His roar was as deep and loud as the roar of twenty lions; and the other Cyclopes wondered when they heard him shouting out so loud, and they said, “What can be the matter with Polyphemus? We never heard him make such a noise before: let us go and see if he wants any help.” So they went to the cave, and stood outside the great stone which shut it in, listening to his terrible bellowings; and when they did not stop they shouted to him, and asked him what was the matter. “Why have you waked us up in the middle of the night with all this noise, when we were sleeping comfortably? Is any one taking away your sheep and goats, or killing you by craft and force?”
And Polyphemus said, “Nobody, my friends, is killing me by craft and force.”
When the others heard this they were angry, and said, “Well, then, if nobody is killing you, why do you roar so? If you are ill, you must bear it as best you can, and ask our father Neptune to make you well again;” and then they walked off to their beds, and left Polyphemus to make as much noise as he pleased.
It was of no use that he went on shouting. No one came to him any more; and Ulysses laughed because he had tricked him so cunningly by calling himself Nobody. Polyphemus got up at last, moaning and groaning with the dreadful pain, and groped his way with his hands against the sides of the cave until he came to the door. Then he took down the great stone, and sat with his arms stretched out wide; and he said to himself, “Now I shall be sure to catch them, for no one can get out without passing me.”
But Ulysses was too clever for him yet; for he went quietly, and fastened the great rams of Polyphemus together with long bands of willow. He tied them together by threes, and under the stomach of the middle one he tied one of his men, until he had fastened them all up safely. Then he went and caught hold of the largest ram of all, and clung on with his hands to the thick wool underneath his stomach; and so they waited in a great fright, lest after all the giant might catch and kill them.
At last the pale light of the morning came into the eastern sky, and very soon the sheep and the goats began to go out of the cave. Polyphemus passed his hands over the backs of all the sheep as they went by, but he did not feel the willow bands, because their wool was long and thick, and he never thought that any one would be tied up underneath their stomachs. Last of all came the great ram to which Ulysses was clinging. When Polyphemus passed his hand over his back, he stroked him gently and said, “Is there something the matter with you too, as there is with your master? You were always the first to go out of the cave, and now to-day for the first time you are the last. I am sure that that horrible Nobody is at the bottom of all this. Ah, old ram, perhaps it is that you are sorry for your master, whose eye Nobody has put out.
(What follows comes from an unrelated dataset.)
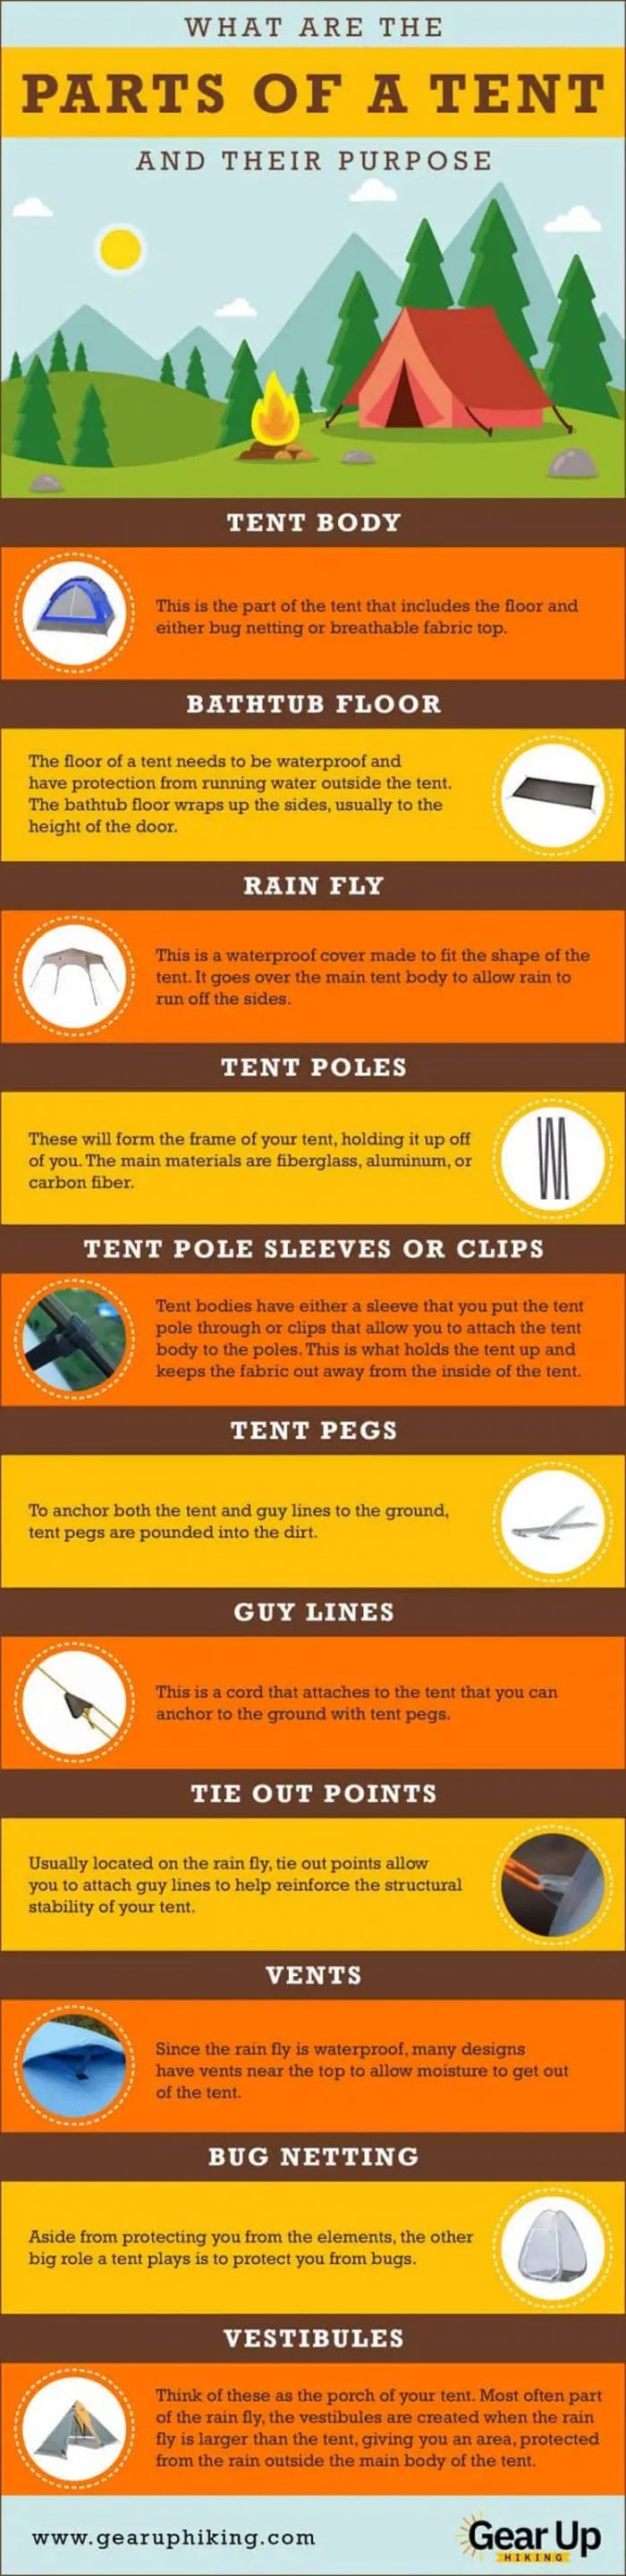 Parts of Tent and their purpose

I wish you could speak like a man, and tell me where he is. If I could but catch him, I would take care that he never got away again, and then I should have some comfort for all the evil which Nobody has done me.” So he sent the ram on; and when he had gone a little way from the cave, Ulysses got up from under the ram, and went and untied all his friends, and very glad they were to be free once more, although they could not help grieving, when they thought of the men whom Polyphemus had killed. But Ulysses told them to make haste and drive as many of the sheep and goats as they could to the ships. So they drove them down to the shore and hurried them into the ships, and began to row away; and soon they would have been out of the reach of the Cyclops, if Ulysses could only have held his tongue.
He was so angry himself, that he thought he would like to make Polyphemus still more angry; so he shouted to him, “Cruel Cyclops, did you think that you would not be punished for eating up my friends? Is this the way in which you receive strangers who have been tossed about by many storms upon the sea?”
Then Polyphemus was more furious than ever, and he broke off a great rock from the mountain, and hurled it at Ulysses. On it came whizzing through the air, and fell just in front of his ship, and the water was dashed up all over it; and there was a great heaving of the sea, which almost carried them back to the land. They began to row again with all their might; but still, when they had got about twice as far as they were before, Ulysses could not help shouting out a few more words to Polyphemus. So he said, “If any one asks you how you lost your eye, remember, mighty Cyclops, to say that you were made blind by Ulysses, the plunderer of cities, the son of Laertes, who lives in Ithaca.”
Terrible indeed was the fury of Polyphemus when he heard this, and he said: “Now I remember how the wise Telemus used to tell me that a man would come here named Ulysses, who would put my eye out. But I thought he would have been some great strong man, almost as big as myself; and this is a miserable little wretch, whom I could almost hold in my hand if I caught him. But stay, and I will show you how I thank you for your kindness, and I will ask my father Neptune to send you a pleasant storm to toss you about upon the dark sea.”
Then Polyphemus took up a bigger rock than ever, and hurled it high into the air with all his might. But this time it fell just behind the ship of Ulysses: up rose the water and drenched Ulysses and all his people, and almost sank the ship under the sea. But it only sent them further out of the reach of the Cyclops; and though he hurled more rocks after them, they now fell far behind in the sea, and did them no harm.